The core problem is, while arrow uses tuples as parallel data
stream, they cannot represent a composite streams if they carry
different numbers of data in parallel.

To solve this problem, some arrow libraries restrict transducers to
one-to-one data transformation. Yampa and netwire does so, as
mentioned in above post. And auto also takes this approach.

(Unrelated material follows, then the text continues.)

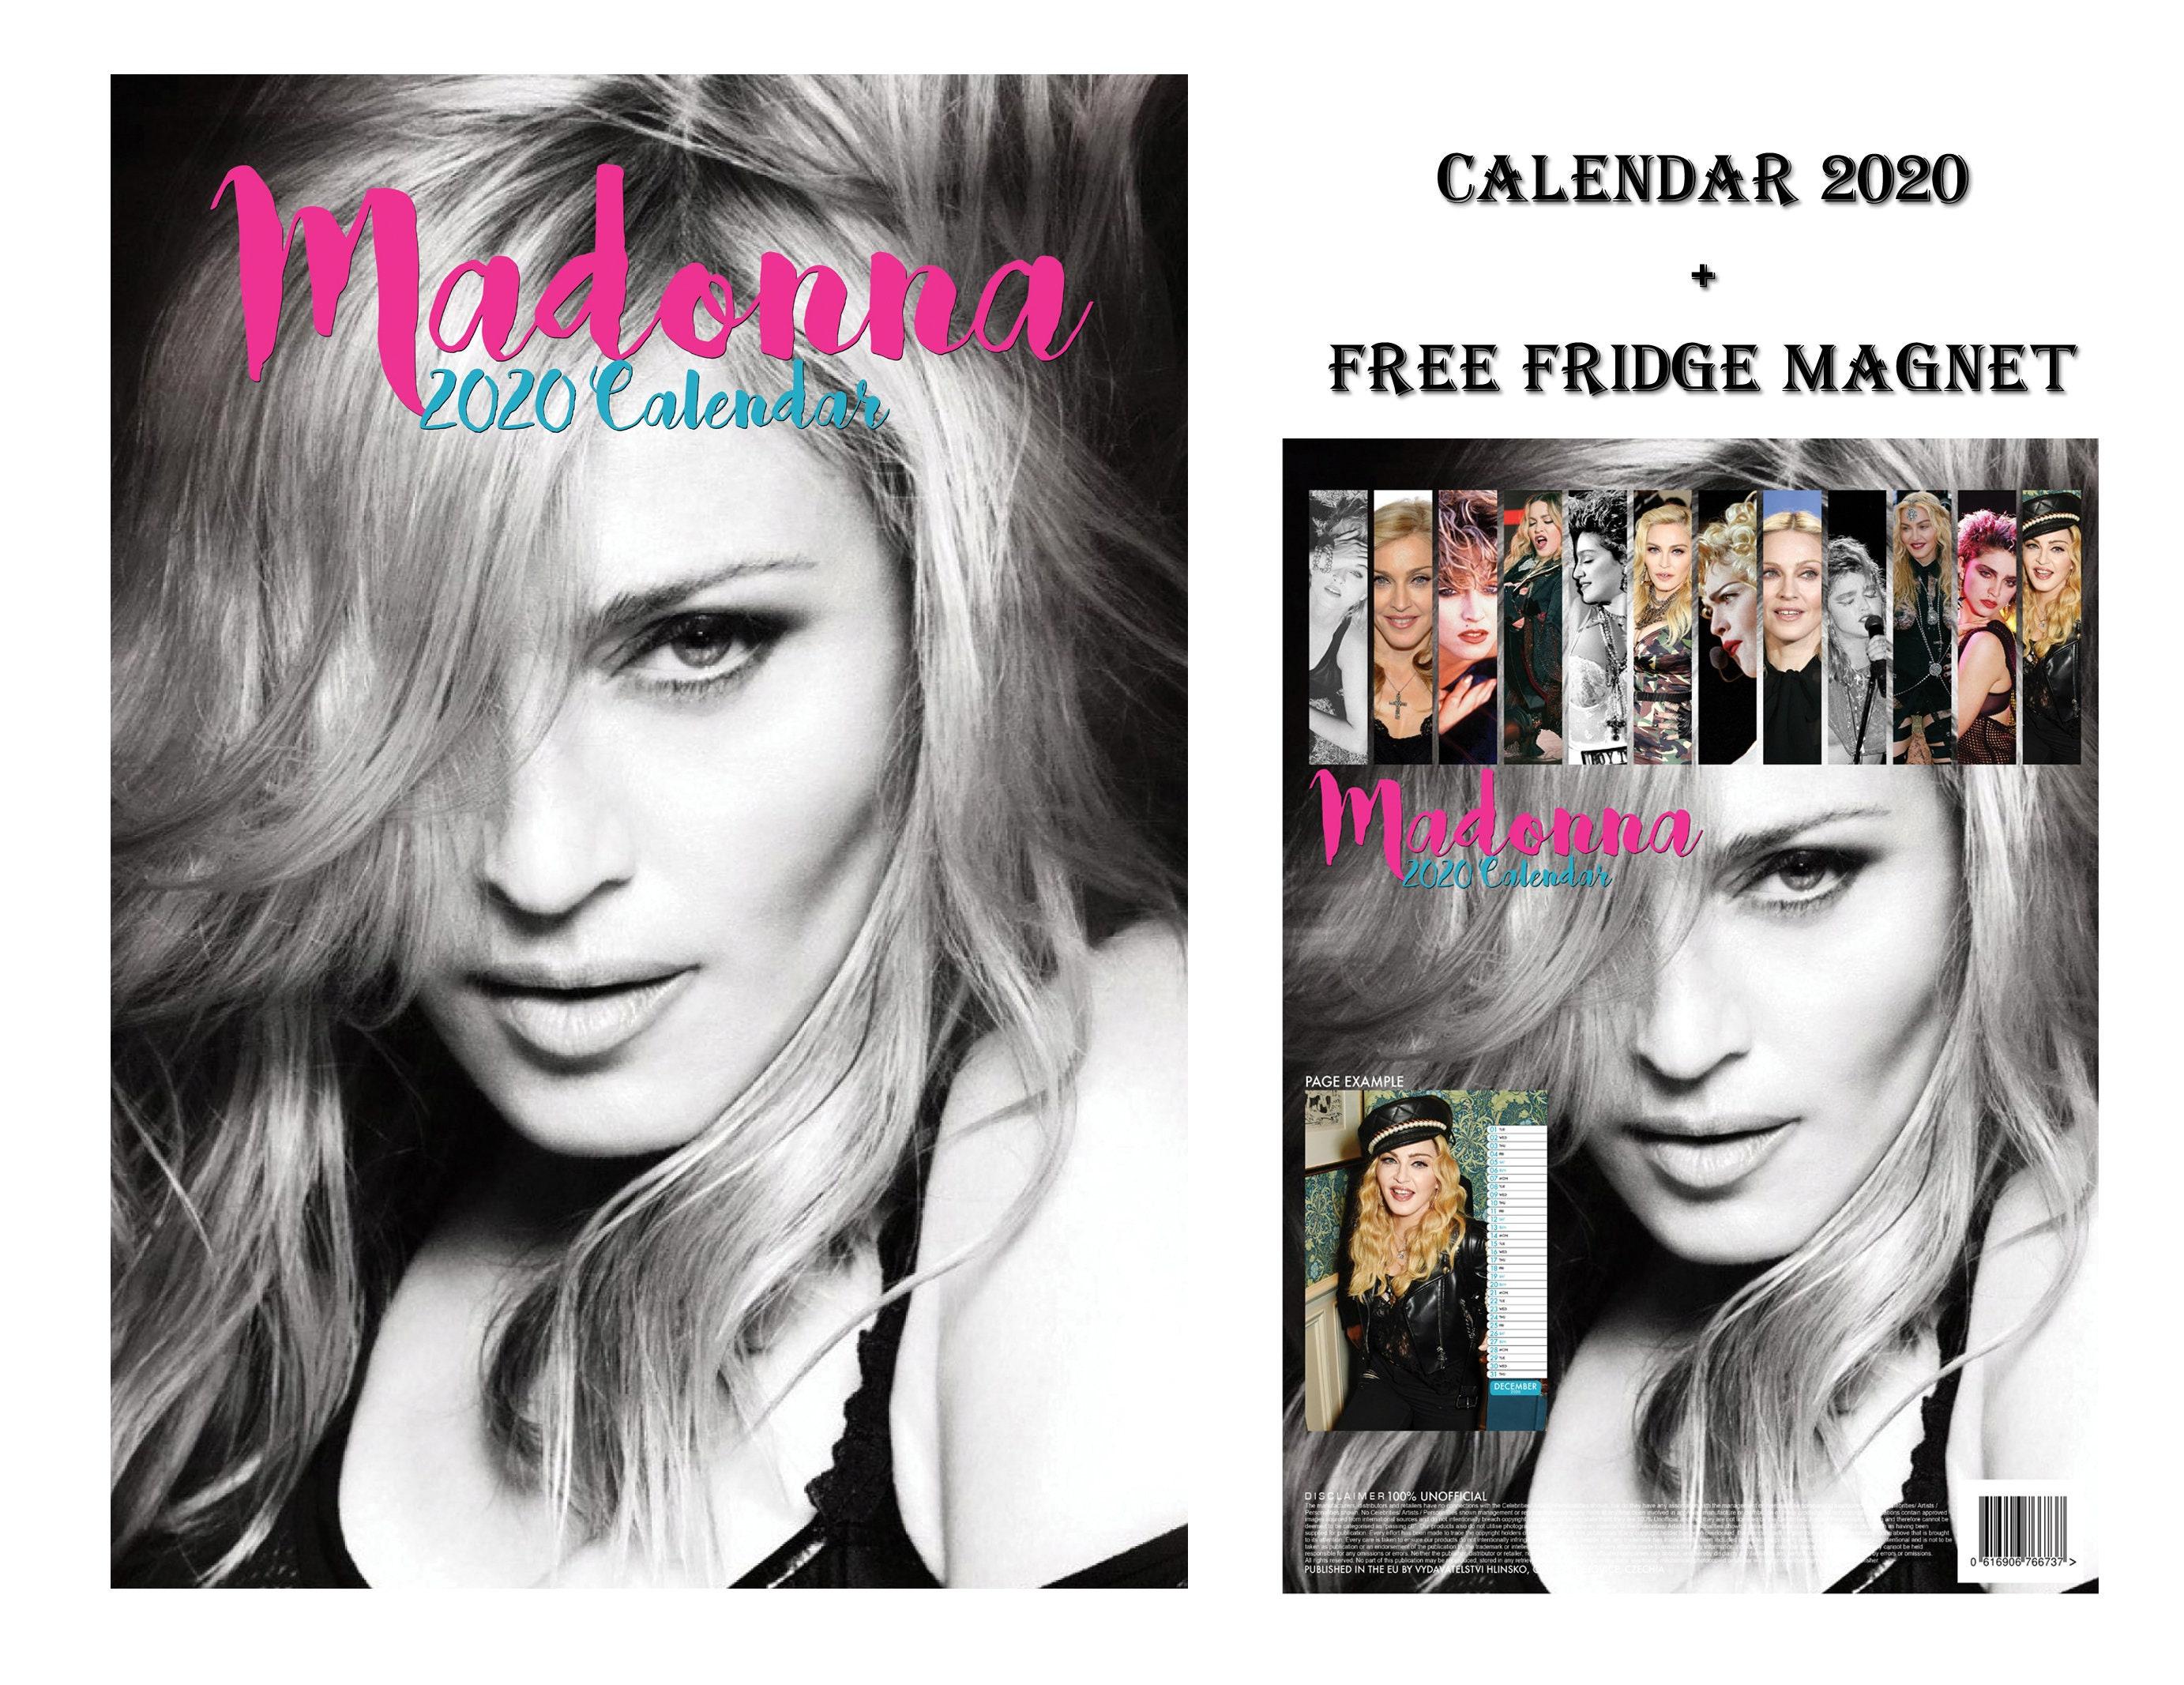 Calendario Madonna 2020.Madonna Calendar 2020 Madonna Fridge Magnet
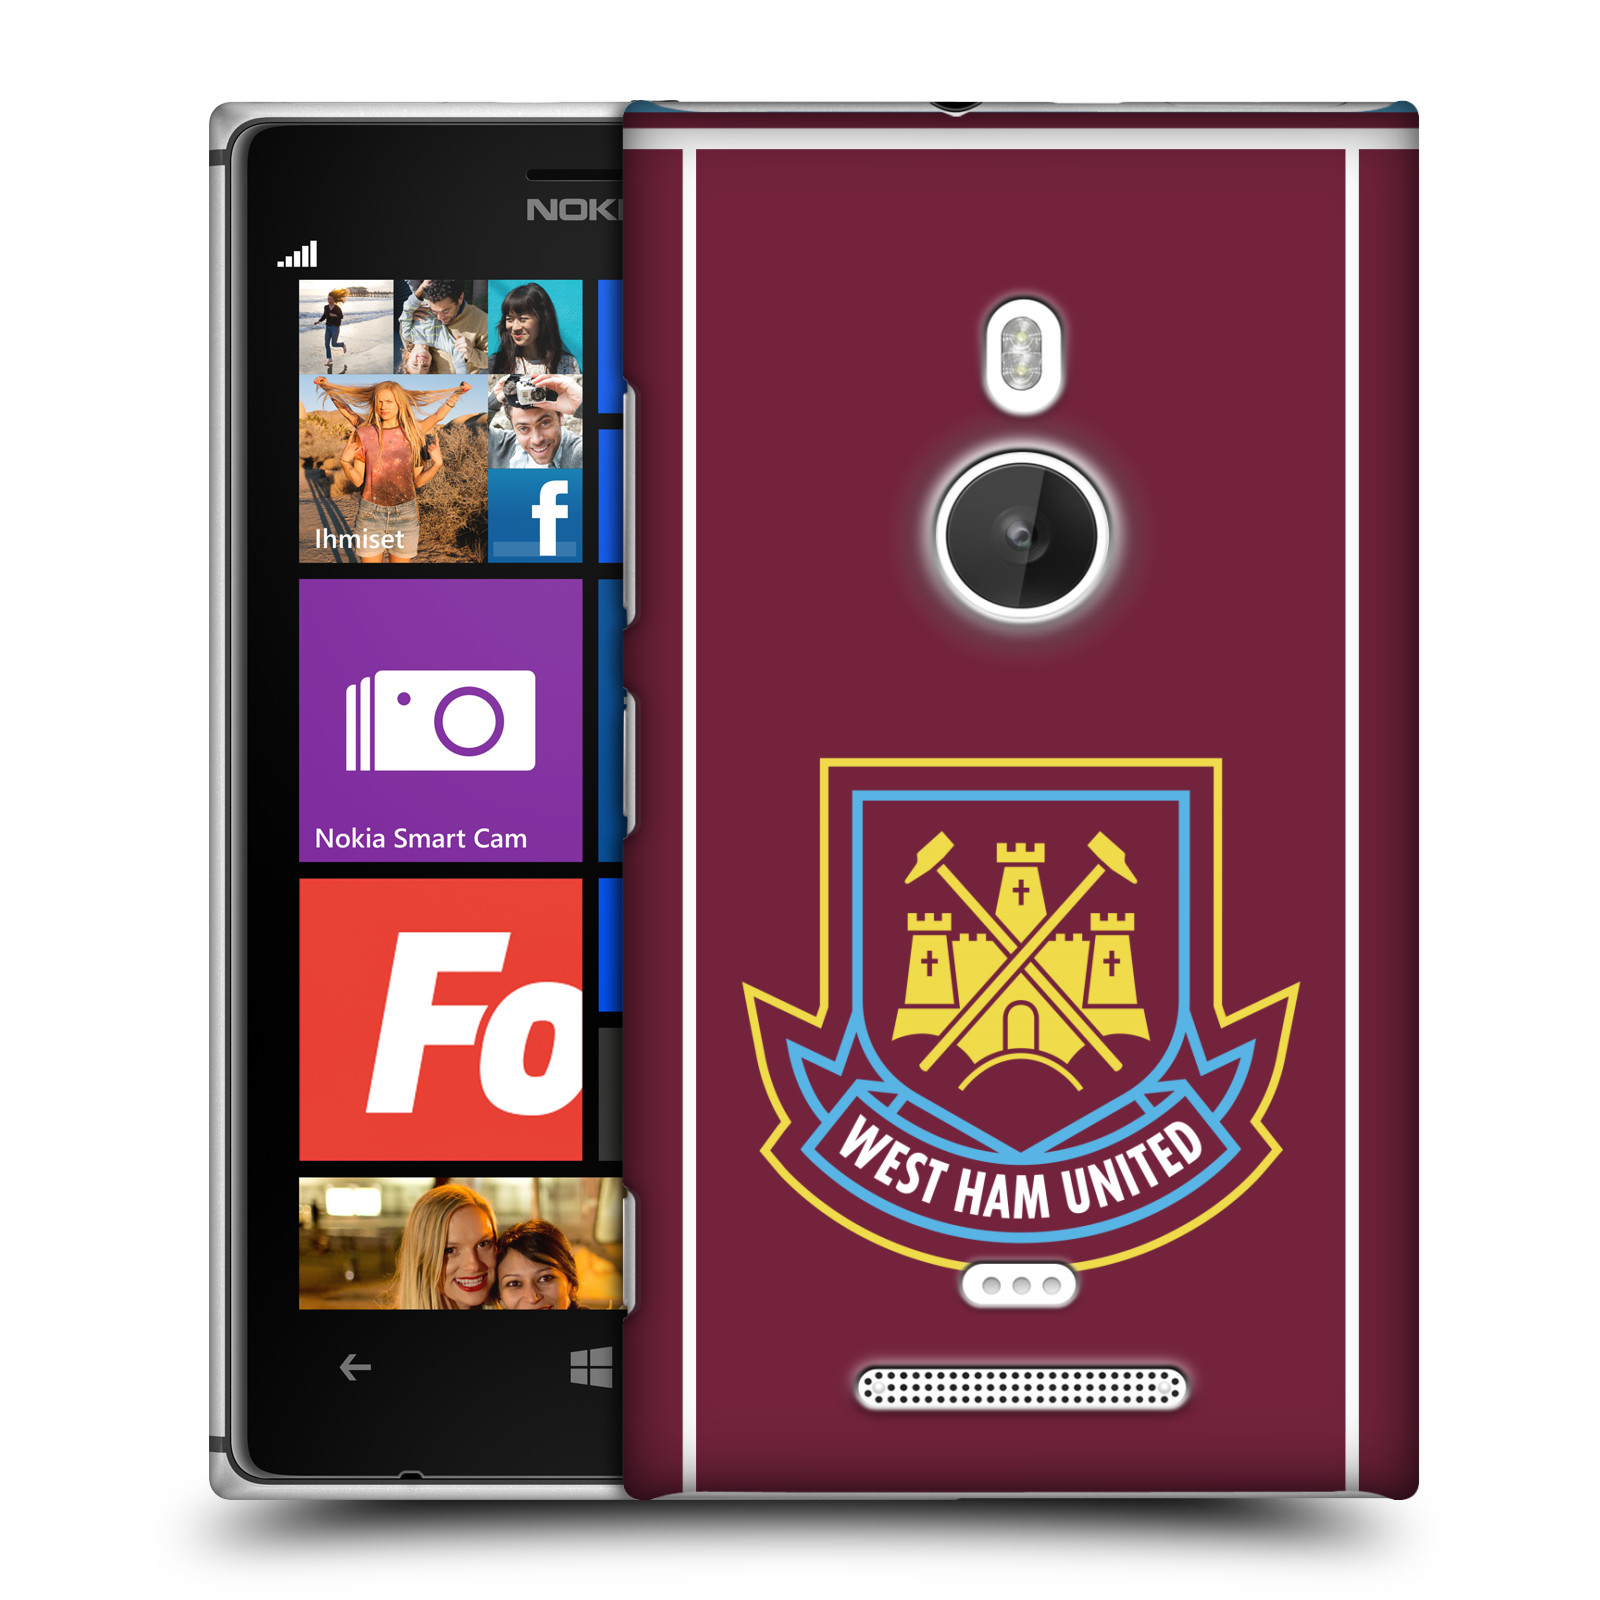 Plastové pouzdro na mobil Nokia Lumia 925 - Head Case - West Ham United - Retro znak (Plastový kryt či obal na mobilní telefon s motivem West Ham United - Kladiváři - Retro znak pro Nokia Lumia 925)

Machinecell's approach is different, but simple too. The key idea
is wrapping all types of data stream into a maybe-like type. Then
even tuples can represent different numbers of data, by inserting
appropreate number of 'Nothing's.

Furthermore, I identified the maybe-like type as the 'Event' type,
which appears in Yampa and netwire. Then I successively implemented
several arrows of Yampa and netwire.

API names come from stream libraries are named after machines',
while ones from FRPs are after Yampa's. Now, machinecell may be
seen as a hybrid of machines and Yampa.